# Exercise requirements
Restate each line below word for word, skipping every picture.

[[ Source material, beginning ]]

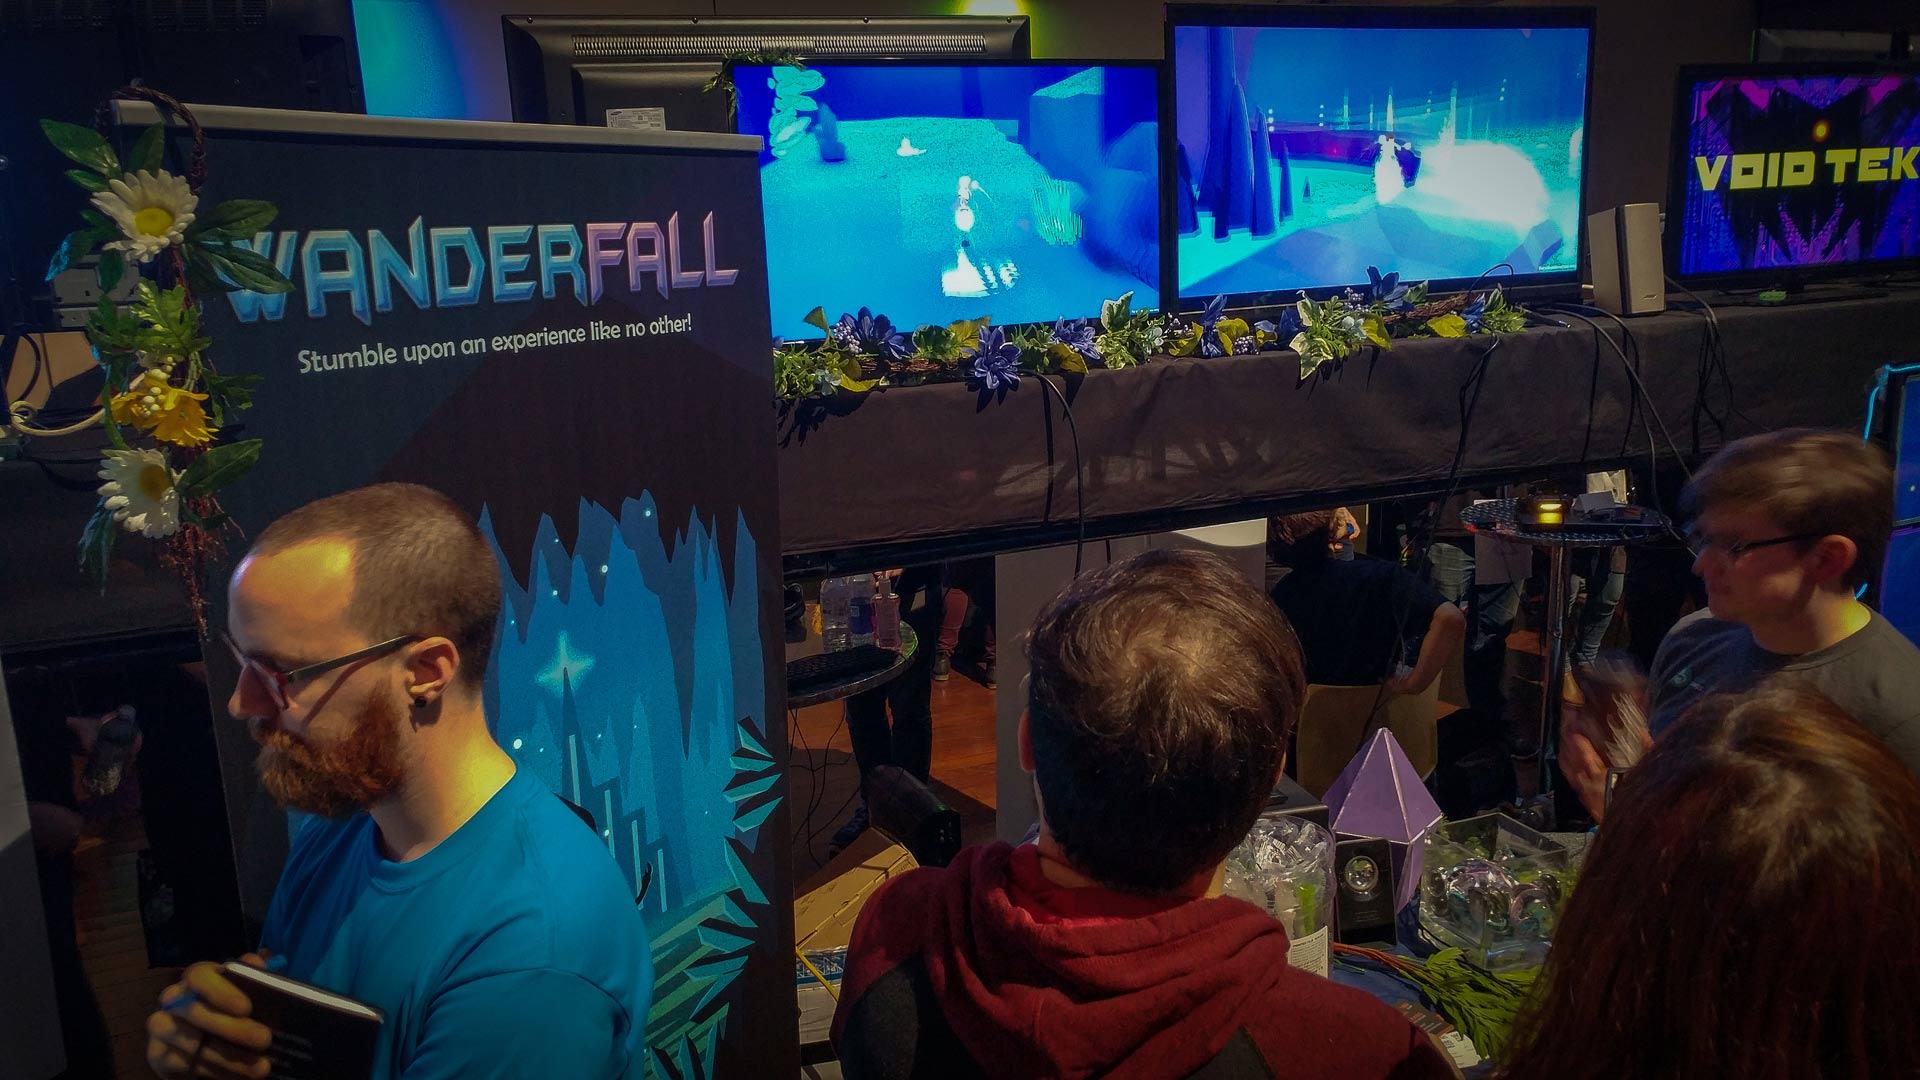 levelup2018-wanderfall.jpg
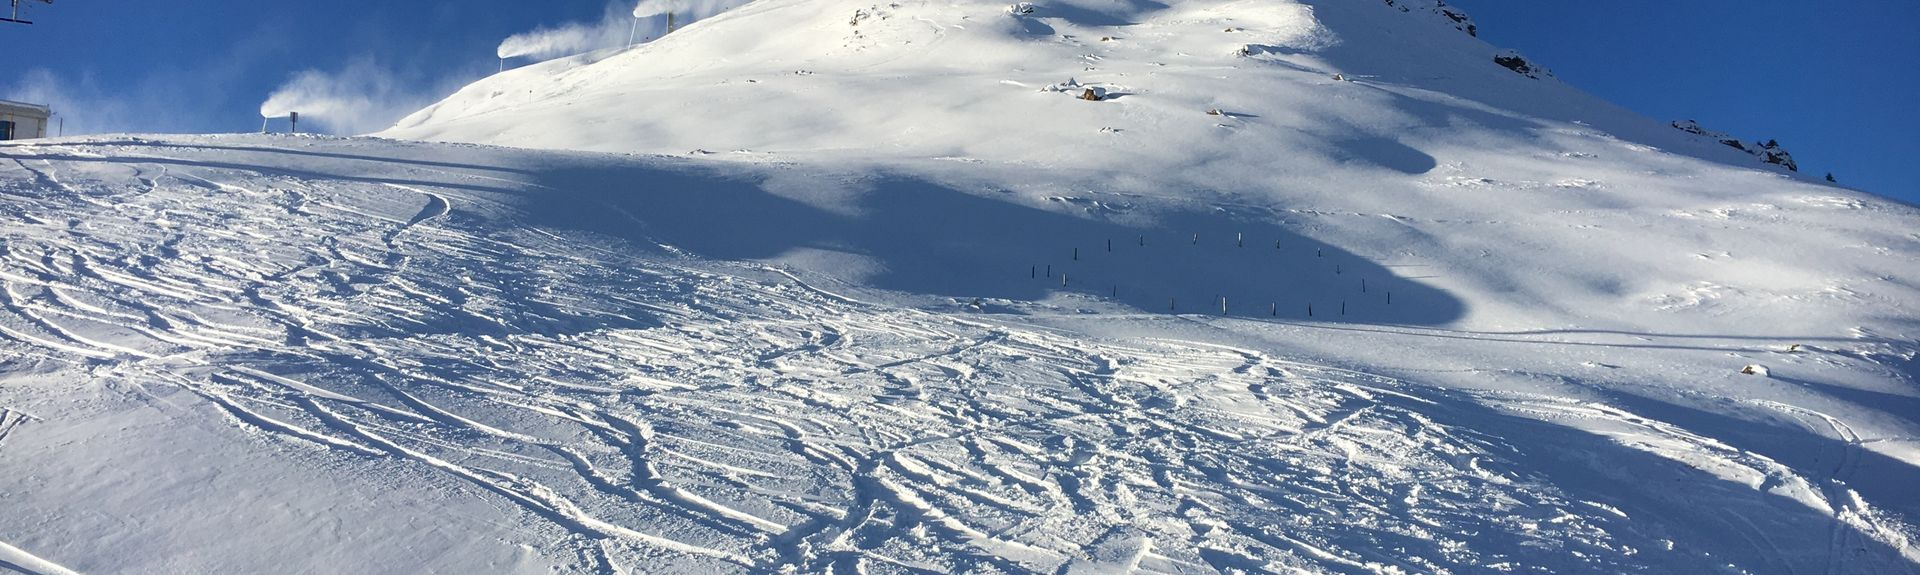 Kaiserwinkl, Tyrol, Autriche
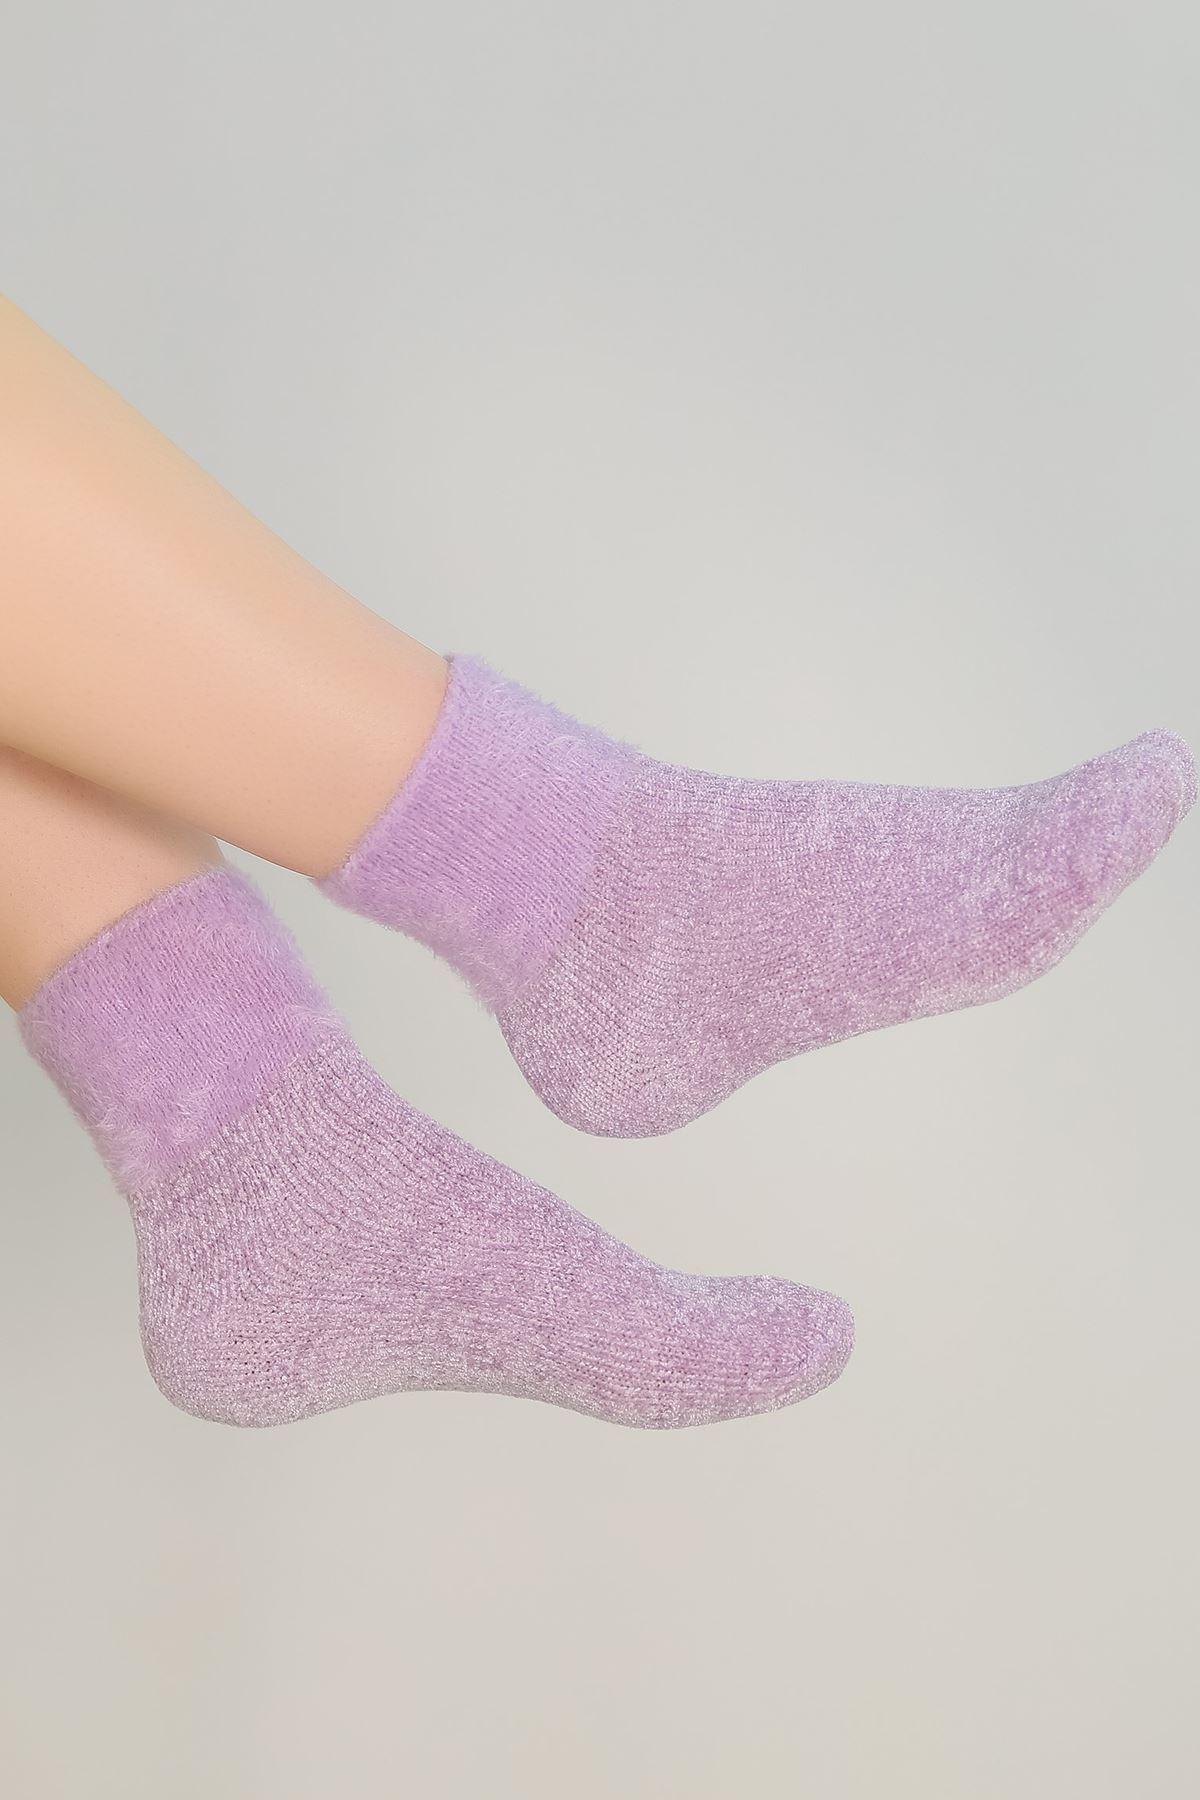 Renkli Bot Çorap Lila - 48300.1114.
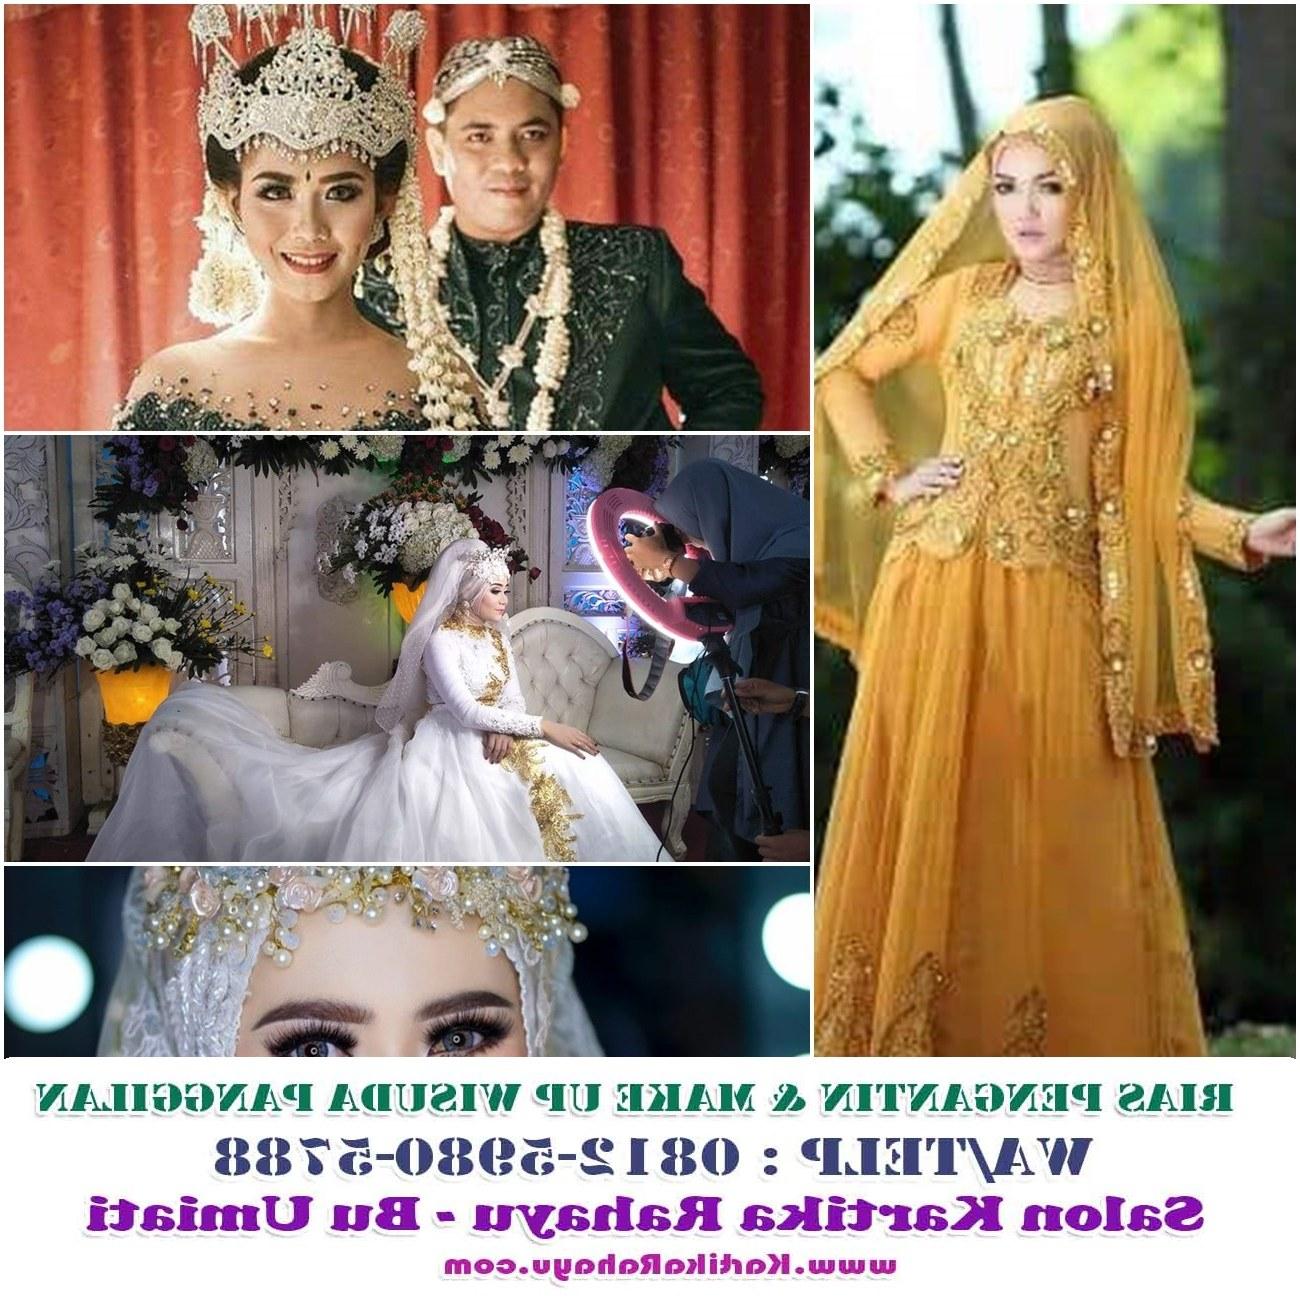 Ide Sewa Gaun Pengantin Muslimah Malang Nkde Wedding Package Malang Terbaik Rekomendasi

[[ Source material, end ]]

# Output for this exercise
 levelup2018-wanderfall.jpg
 Kaiserwinkl, Tyrol, Autriche
 Renkli Bot Çorap Lila - 48300.1114.
 Ide Sewa Gaun Pengantin Muslimah Malang Nkde Wedding Package Malang Terbaik Rekomendasi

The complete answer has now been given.